In our first discussion of the Travelling Salesman Problem (TSP) and Santa’s yearly journey, we talked about the problems he experiences when planning his route and some of the ways he may go about dealing with them. However, as much as I hope that article was satisfying and complete in its own right, we have left one very important question unanswered: how fast does Santa Claus fly? 

Sadly, we will never know his exact path. We have neither the location information nor the computing power needed to work it out for ourselves and Santa refuses to release the list for privacy reasons. Fortunately, we don’t need to know his exact path to work out his speed. In addition to working on ways to solve the TSP, research has also been done on how to estimate how long the shortest path will be. We expect this path to involve two important numbers. The number of nodes, n, and the area over which those nodes are distributed, A. 

Before I just present you with results, let’s see if we can make a guess what form the equation relating the path length to A and n will take. The first thing we might realise is that the path will consist of n links between pairs of nodes. The second is that, when more points are added to the same area, the average distance between two nodes decreases. The only question is, how do these two relationships interact? The insight comes when we consider the relationship between the average density of nodes and the average distance between points. Let’s look at eight randomly distributed points in a given area as an example:

The average density of nodes is the total number of nodes (8) divided by the total area (100), so rho = n/A = 8/100 = 0.08. This density is, at its heart, an answer to the question ‘how many nodes are there in some bit of area?’, which is very similar to another question ‘how much area does a given node occupy?’.

In the diagram above, each of the shaded polygons represents the area which is closest to a given node. The average area of these polygons is the answer to the second question and it happens to be given by a = 1/rho = A/n = 100/8 = 12.5. Now that we have an area associated with an average node, we can get a length by taking the square root of that area, which turns out to be proportional to the average distance between randomly distributed nodes in an area A. So, in our example, we get l ~ sqrt(12.5) = 3.5.

Basically, what this all means is that for a route containing n line segments, each of them will have an average length proportional to sqrt(A/n). We therefore multiply the average segment length by the number of segments to get an equation for the average minimum path length: L = b*sqrt(An), where b is some number we don’t know for sure. We can’t mathematically prove what b is, but we can run a large number of computer simulations and measure the shortest path length in each of them. Analysis of these lengths yield the final equation: L = 0.88 sqrt(An). This will be an invaluable tool in finding Santa’s speed. 

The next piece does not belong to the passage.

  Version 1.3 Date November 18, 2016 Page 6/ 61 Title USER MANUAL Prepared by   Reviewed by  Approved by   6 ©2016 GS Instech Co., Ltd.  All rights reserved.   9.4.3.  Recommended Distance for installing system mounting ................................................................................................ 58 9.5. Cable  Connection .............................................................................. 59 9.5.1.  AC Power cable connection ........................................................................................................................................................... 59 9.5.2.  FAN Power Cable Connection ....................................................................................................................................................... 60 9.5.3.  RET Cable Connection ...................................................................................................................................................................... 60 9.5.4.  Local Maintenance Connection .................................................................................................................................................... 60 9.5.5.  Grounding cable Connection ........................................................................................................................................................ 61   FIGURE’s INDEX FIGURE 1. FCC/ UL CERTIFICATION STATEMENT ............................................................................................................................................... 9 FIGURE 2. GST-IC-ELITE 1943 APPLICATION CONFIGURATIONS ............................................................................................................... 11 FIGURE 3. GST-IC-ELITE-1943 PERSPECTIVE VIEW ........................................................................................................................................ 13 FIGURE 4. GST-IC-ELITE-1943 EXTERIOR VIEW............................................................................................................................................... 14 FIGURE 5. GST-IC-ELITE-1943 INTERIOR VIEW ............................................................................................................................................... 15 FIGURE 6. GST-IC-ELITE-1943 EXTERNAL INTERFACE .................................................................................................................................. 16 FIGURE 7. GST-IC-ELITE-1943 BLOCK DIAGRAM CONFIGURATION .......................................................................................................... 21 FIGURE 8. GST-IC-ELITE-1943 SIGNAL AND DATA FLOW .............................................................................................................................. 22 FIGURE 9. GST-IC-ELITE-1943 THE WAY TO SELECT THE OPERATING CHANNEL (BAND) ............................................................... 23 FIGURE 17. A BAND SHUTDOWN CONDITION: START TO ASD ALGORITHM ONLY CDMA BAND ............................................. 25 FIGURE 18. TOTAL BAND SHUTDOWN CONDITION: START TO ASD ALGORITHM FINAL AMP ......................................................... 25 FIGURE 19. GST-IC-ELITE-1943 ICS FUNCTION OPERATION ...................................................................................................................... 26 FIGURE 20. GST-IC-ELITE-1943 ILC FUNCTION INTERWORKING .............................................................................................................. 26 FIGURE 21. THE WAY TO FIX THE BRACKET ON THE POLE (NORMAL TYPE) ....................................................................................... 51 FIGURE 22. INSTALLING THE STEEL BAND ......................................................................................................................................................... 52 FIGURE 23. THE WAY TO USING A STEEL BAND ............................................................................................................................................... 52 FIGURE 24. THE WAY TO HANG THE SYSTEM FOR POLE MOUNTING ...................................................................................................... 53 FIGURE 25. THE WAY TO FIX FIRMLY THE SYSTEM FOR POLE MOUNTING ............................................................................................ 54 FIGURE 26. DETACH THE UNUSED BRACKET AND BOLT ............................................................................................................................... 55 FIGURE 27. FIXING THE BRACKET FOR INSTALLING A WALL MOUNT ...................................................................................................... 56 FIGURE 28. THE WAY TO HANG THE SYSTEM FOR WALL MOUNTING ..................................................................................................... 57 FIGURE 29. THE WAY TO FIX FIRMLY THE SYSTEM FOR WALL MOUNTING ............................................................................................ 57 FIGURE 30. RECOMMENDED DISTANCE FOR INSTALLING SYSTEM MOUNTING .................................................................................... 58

As before, we know Father Christmas must visit about 900 million households, so we can set n = 900,000,000. The surface area of the Earth is 510 million square kilometres, so this will be our value for A. Performing the calculations, we find that Santa’s journey is 600 million km long and that he travels at an average speed of 7 million m/s – roughly 20,000 times the speed of sound and 3% the speed of light! 

And that is where this story should end, on a nice, definite result. It doesn’t. We have made a couple of assumptions which aren’t necessarily true. Firstly, we should note that b was only worked out for a flat surface and the earth is in fact, round. I could not find an example of someone working out b for a sphere, so we may expect some difference in this value when applied to Santa’s journey. However, b is relatively insignificant compared to the number of houses and area involved, so our use of 0.88 should produce a result which is still quite close to the actual result. The next assumption was that the houses Santa needed to visit were randomly distributed. This is definitely not true. Almost nobody lives in the ocean and land only makes up for 30% of the Earth’s surface. On the land, people live together in towns and cities. There is very little randomness in the location of human settlements. We have already noted that the average path length decreases as the area gets smaller, so we expect people clustering together in cities to reduce the total length and therefore speed, possibly by quite a lot. However, when we take into account the time Santa spends in each house delivering presents and eating cookies, it seems reasonable that the sleigh does, in fact, travel at 3% the speed of light.